С тов. приветом С. АбрамсонБунчук глянул на стоявшую перед ним девушку (дело происходило в подвальном помещении, в одном из домов на Московской улице, где производилось обучение). Скупой свет тушевал ее лицо, делал черты его невнятными.
– Ну что же? – неласково сказал он. – Если это ваше собственное пожелание… и Абрамсон вот просит… Оставайтесь.
* * *
Зевлоротого «максима» густо облепляли со всех сторон, гроздьями висели над ним, опираясь на спины передних, следили жадно-любопытствующими глазами, как под умелыми руками Бунчука споро распадался он на части. Бунчук вновь собирал его четкими, рассчитанно-медленными движениями, объяснял устройство и назначение отдельных частей, учил способам обращения, показывал правила наводки, прицела, объяснял меры деривации по траектории, предельную досягаемость в полете пули. Учил, как располагаться во время боя, чтобы не подвергаться поражению под обстрелом противника; сам ложился под щит с обтрескавшейся защитной краской, говорил о преимущественном выборе места, о расположении ящиков с лентами.
Все усваивали легко, за исключением пекаря Геворкянца. У того все не клеилось: сколько ни показывал ему Бунчук правила разборки, – никак не мог запомнить, путал, терялся, шептал смущенно:
– Зачем не получается? Ах, что я… виноватый… надо вот этого сюда. Опять не виходит!.. – вскрикивал он отчаянно. – Зачем?
– Вот тебе и «зачем»! – передразнивал его смуглолицый, с синими крапинками пороха на лбу и щеках, Боговой. – Потому не получается, что бестолковый ты. Вот как надо! – показывал он, уверенно вкладывая часть в принадлежащее ей место. – Я вон с детства интерес имел к военному делу, – под общий хохот тыкал пальцем в свои синие конопины по лицу. – Пушку делал, ее разорвало, – пришлось пострадать. Зато вот теперь способности проявляю.
Он и действительно легче и быстрее всех усвоил пулеметное дело. Отставал один Геворкянц.
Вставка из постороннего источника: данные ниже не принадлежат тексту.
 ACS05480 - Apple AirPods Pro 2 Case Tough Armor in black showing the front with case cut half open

Чаще всего слышался его плачущий, раздосадованный голос:
– Опять не так! Зачем? Не знаю!
– Какой ишек, ка-а-акой ишек! На вся Нахичевань один такой! – возмущался злой грек Михалиди.
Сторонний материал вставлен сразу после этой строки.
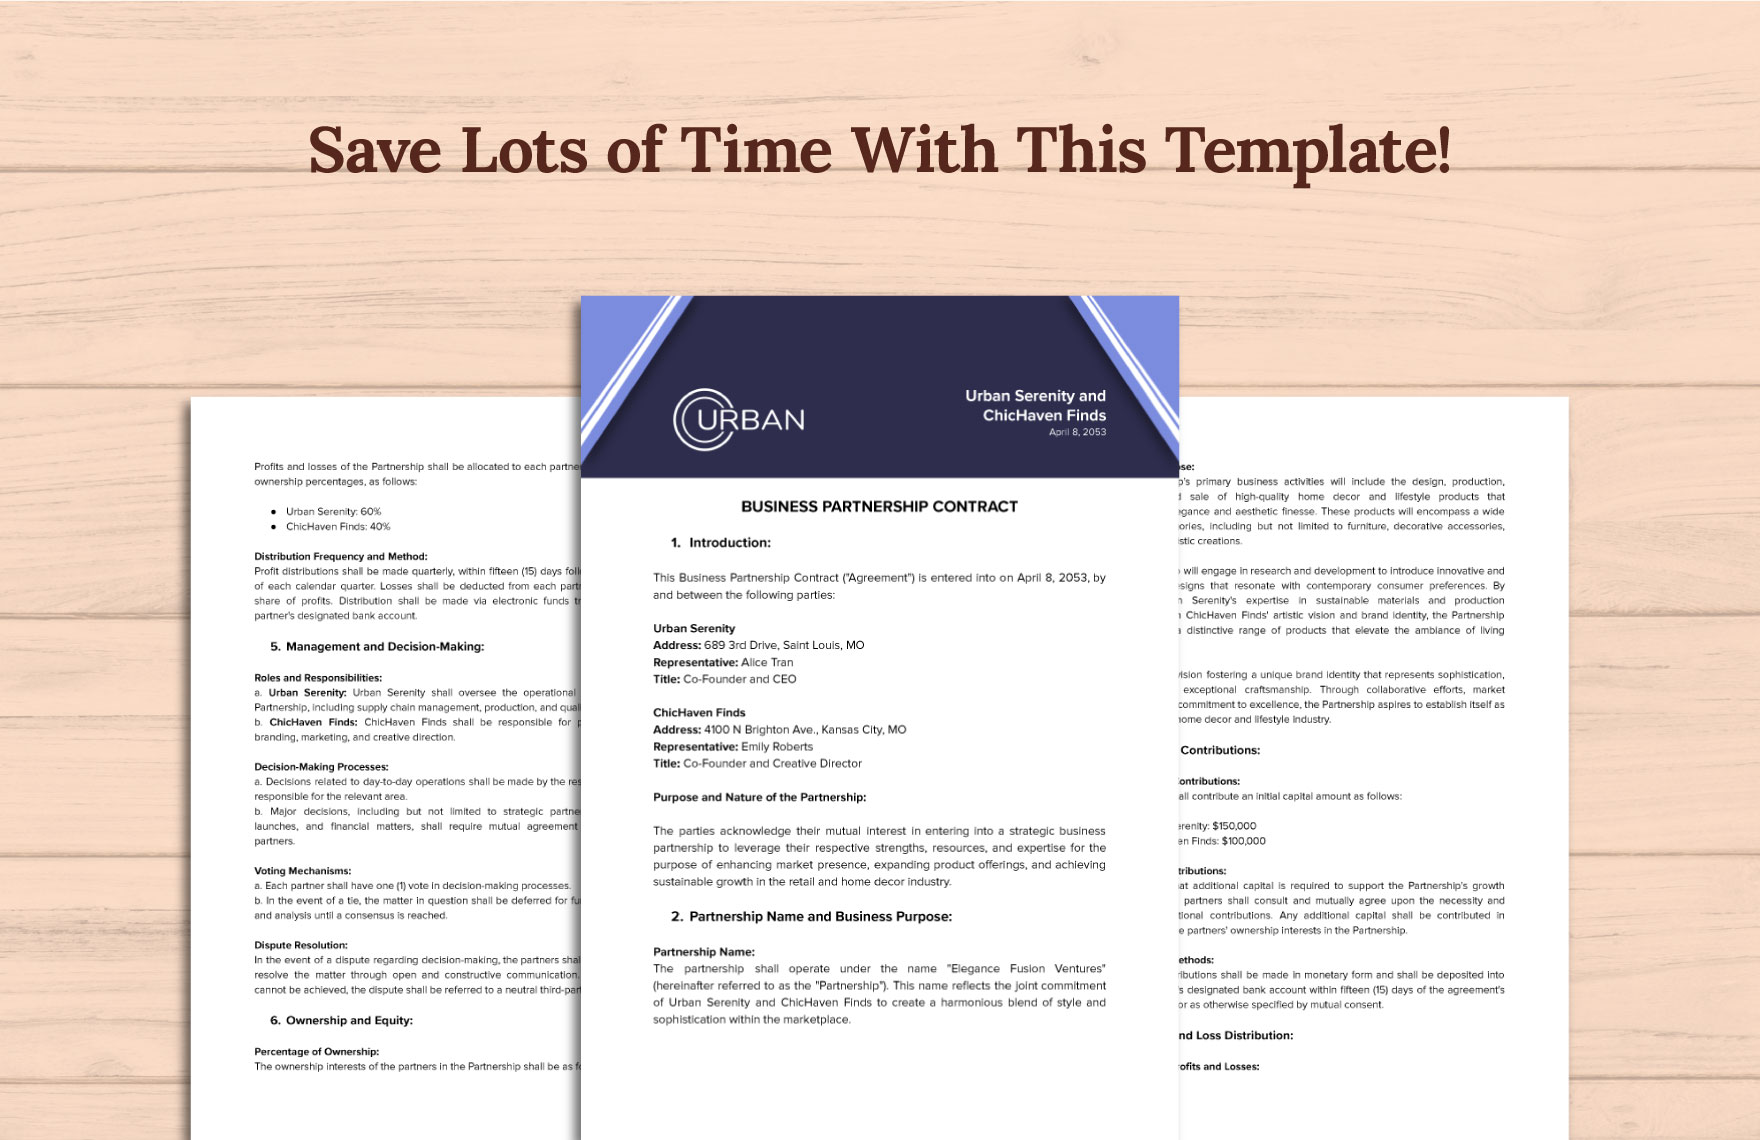 Sample Business Partnership Contract Template

– На редкость бестолков! – соглашался сдержанный Ребиндер.
– Оце тоби нэ бублыки месить! – фыркал Хвылычко, и все беззлобно посмеивались.
Один Степанов, румянея, раздраженно кричал:
– Надо товарищу показывать, а не зубы скалить!
Его поддерживал Крутогоров, большой, рукастый, глаза навыкат, пожилой рабочий депо.
– Смеетесь, колотушники, а дело стоит! Товарищ Бунчук, уйми свою кунсткамеру или гони их к чертям! Революция в опасности, а им – смешки! – басил он, размахивая кувалдистым кулаком.
С острой любознательностью вникала во все Анна Погудко. Она назойливо приставала к Бунчуку, хватала его за рукава неуклюжего демисезона, неотступно торчала около пулемета.
– А если вода замерзнет в кожухе – тогда что? А при большом ветре какое отклонение? А это как, товарищ Бунчук? – осаждала она вопросами и выжидающе поднимала на Бунчука большие, с неверным и теплым блеском черные глаза.
В ее присутствии чувствовал он себя как-то неловко; словно отплачивая за эту неловкость, относился к ней с повышенной требовательностью, был подчеркнуто холоден, но что-то волнующее, необычное испытывал, когда по утрам, исправно, ровно в семь, входила она в подвал, зябко засунув руки в рукава зеленой теплушки, шаркая подошвами больших солдатских сапог. Она была немного ниже его ростом, полна той тугой полнотой, которая присуща всем здоровым, физического труда девушкам, – может быть, немного сутула и, пожалуй, даже некрасива, если б не большие сильные глаза, диковинно красившие всю ее.
За четыре дня он даже не разглядел ее толком. В подвале было полутемно, да и неудобно и некогда было рассматривать ее лицо. На пятый день вечером они вышли вместе. Она шла впереди; поднявшись на последнюю ступеньку, повернулась к нему с каким-то вопросом, и Бунчук внутренне ахнул, глянув на нее при вечернем свете. Она, привычным жестом оправляя волосы, ждала ответа, чуть откинув голову, скосив в его сторону глаза. Но Бунчук прослушал; медленно всходил он по ступенькам, стиснутый сладостно-болезненным чувством. У нее от напряжения (неловко было управляться с волосами, не скинув платка) чуть шевелились просвеченные низким солнцем розовые ноздри. Линии рта были мужественны и в то же время – детски нежны. На приподнятой верхней губе темнел крохотный пушок, четче оттеняя неяркую белизну кожи.